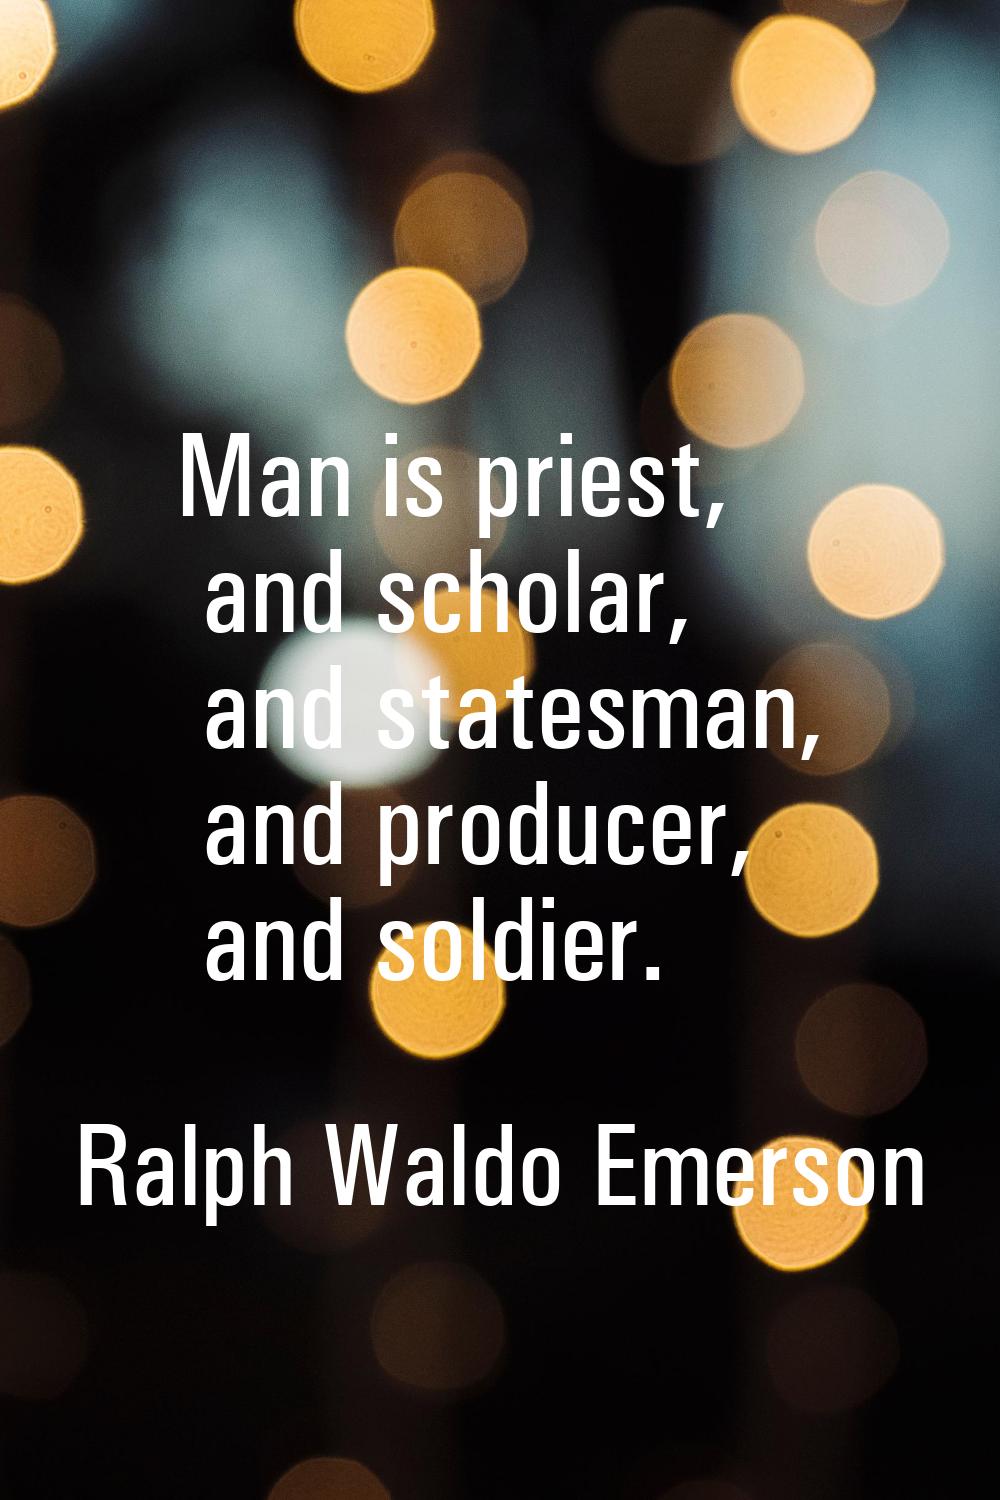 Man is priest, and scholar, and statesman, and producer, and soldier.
* * *
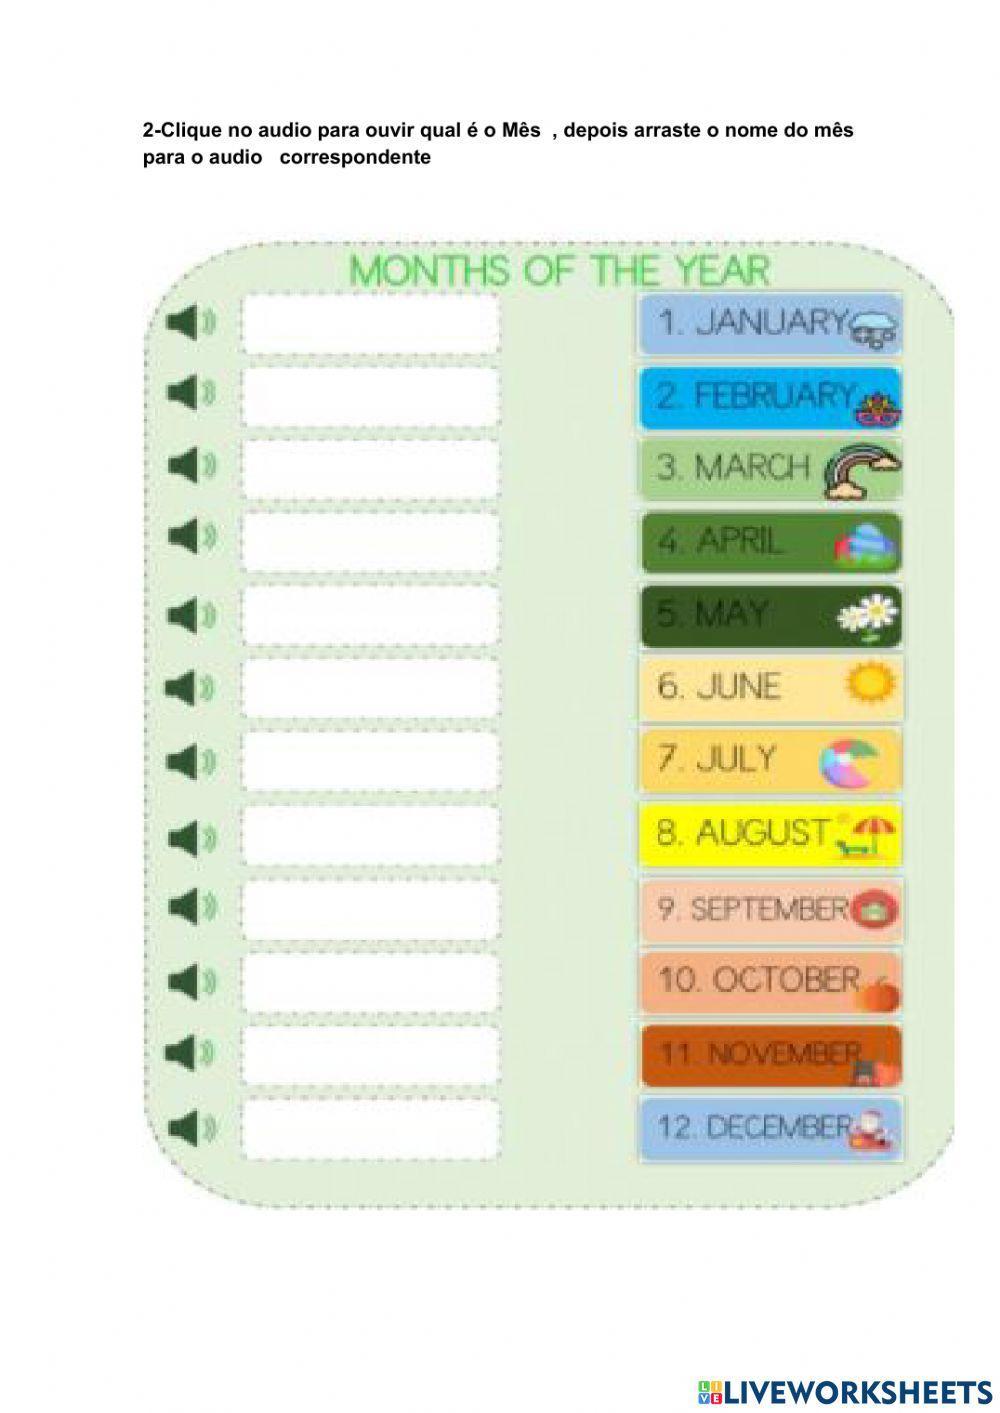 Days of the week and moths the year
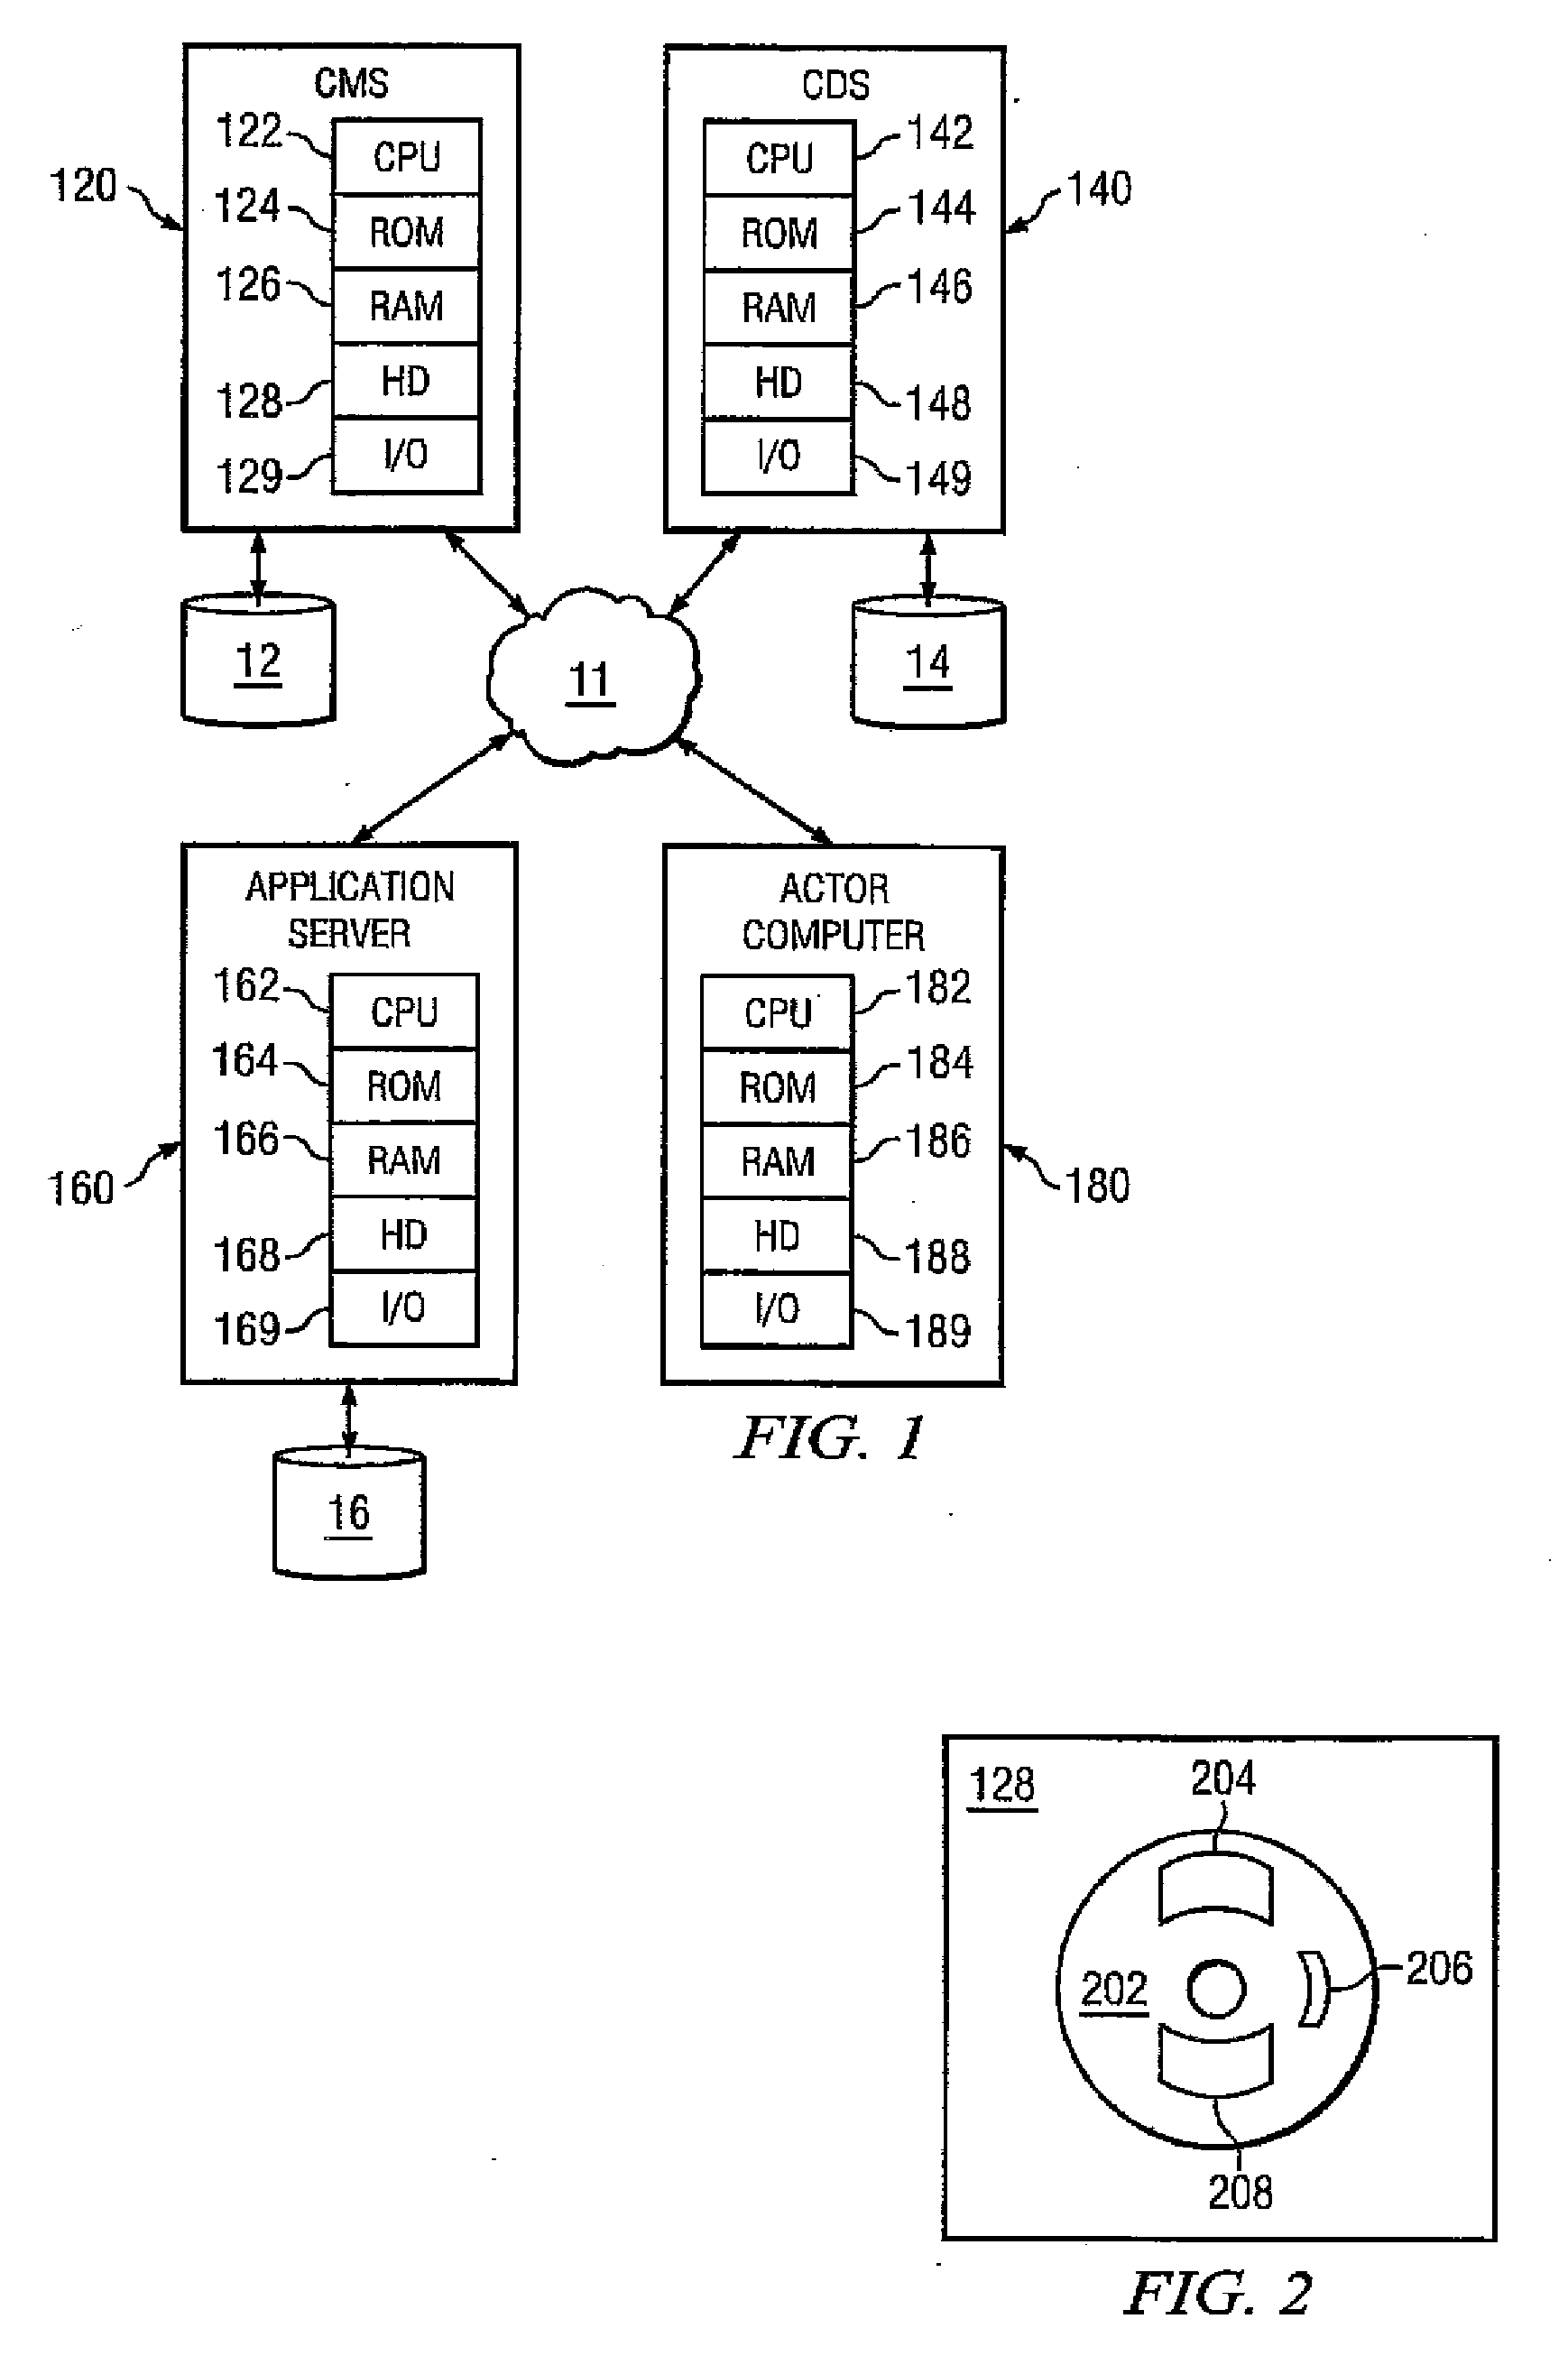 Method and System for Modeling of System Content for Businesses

- TASK OBJECTIVE: Given the listing above, retype only the span of lines from the line with "Days of the week and moths the year" up to and including the line with "Method and System", exactly as it stands and without pictures.

- SOLUTION FOR THIS EXERCISE:
 Days of the week and moths the year
 Method and System for Modeling of System Content for Businesses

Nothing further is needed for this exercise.